Earth Funeral recently opened an approximately 36,000 square foot human composting site in Elkridge, Maryland, Axios reported Monday. It has a capacity for 56 “composting vessels.” CEO Tom Harries told Axios he plans to double that capacity and continue the company’s nationwide expansion.
Earth Funeral announced the facility’s opening in a Facebook post on May 5.
Human composting is legal in 14 states, according to Earth Funeral’s state tracker, and Oklahoma nearly joined them this year. However, Republican Gov. Kevin Stitt vetoed a bill aimed at legalizing it within the state, News 9 reported May 13. (RELATED: Oklahoma Advances Bill To Turn Dead Humans Into Actual Fertilizer)
Human composting is also known as “soil transportation,” which is “a sustainable alternative to cremation, traditional burial and aquamation,” according to Earth Funeral’s website.

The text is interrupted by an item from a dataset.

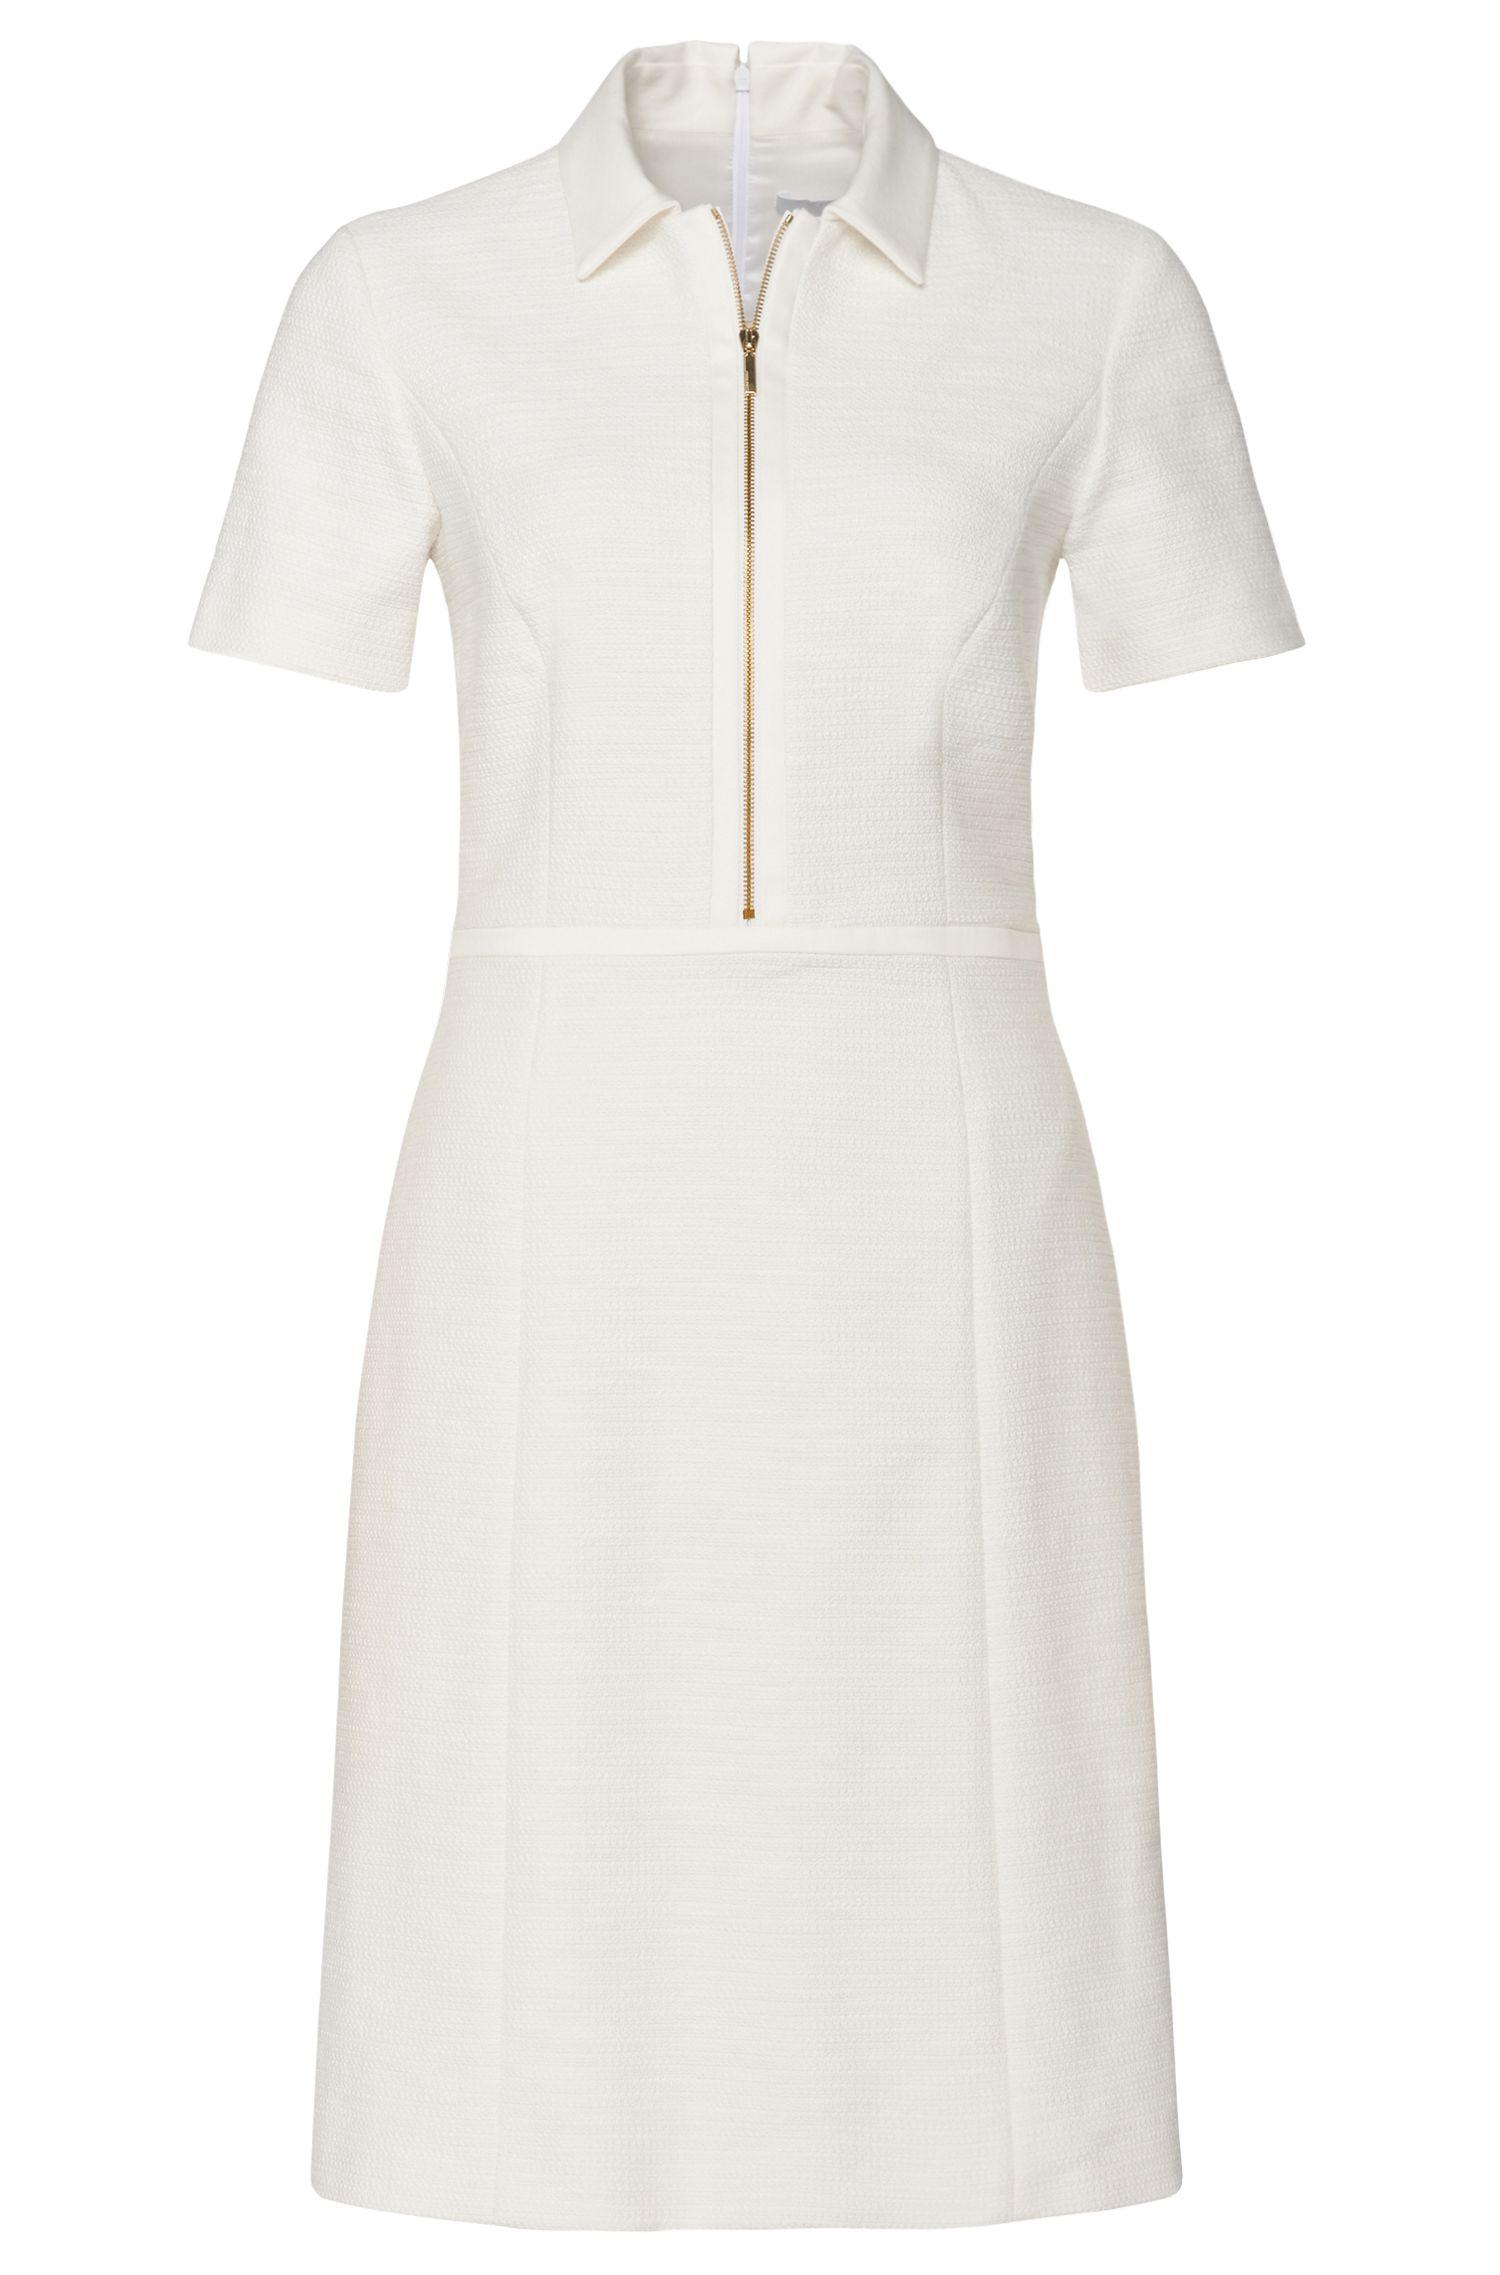 'Harjane' | Stretch Cotton Linen Blend A-Line Shirt Dress
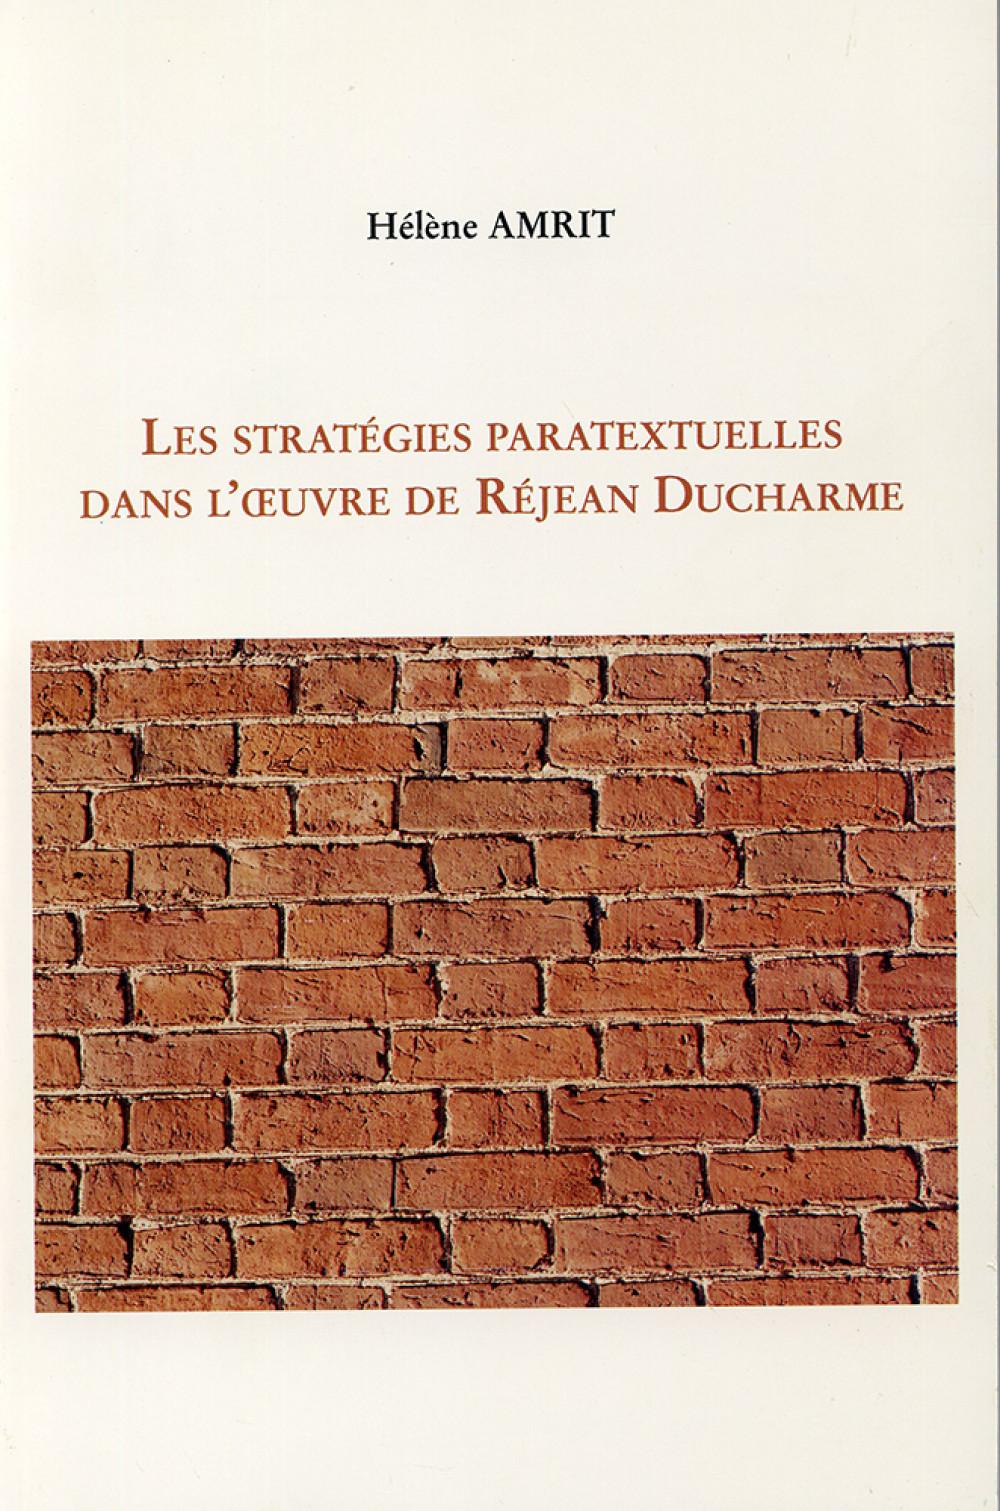 Les stratégies paratextuelles dans l'oeuvre de Réjean Ducharme

This is done by placing a body “in a vessel with a mix of organic materials to provide the right balance of nitrogen and carbon” to break down the remains naturally.
Republican State Rep. Jim Shaw spearheaded that bill’s opposition, the Daily Caller News Foundation previously reported. When asked for comment on the new Maryland facility, he told the DCNF in an email Wednesday that “this site and the overall practice of turning dead bodies into human compost should be shocking and surprising to everyone.”
One retired Air Force Colonel reportedly told Axios that he discovered Earth Funeral when planning his estate and plans to lobby the Arlington National Cemetery to permit composted remains. Shaw told the DCNF he “can’t think of anything worse to dishonor the former or fallen military service members who served and possibly gave their lives for our country,” regarding that comment.
“If we start blurring the lines between dignity and utility, you do it first in death, then eventually you start doing it in life. Every regime that has treated human beings as raw material whether it was for labor, or experimentation or disposal, began that same quiet shift into darkness. A person becomes secondary, the system becomes primary,” Shaw said, quoting Glenn Beck’s coverage of the recently vetoed bill.
“Ultimately, the way we treat our dead says a lot about what we believe as a society. We need to be very concerned about viewing people as, and turning them into, products,” Shaw said.
“Most people intrinsically know that human beings are not waste, we are not raw material to be repurposed in death or in life. We were created by God,” Shaw told the DCNF.
Earth Funeral’s service takes around 45 days and costs on average less than $6,000, according to Axios. Families are also allowed to keep or donate the roughly 300-pounds of soil afterwards.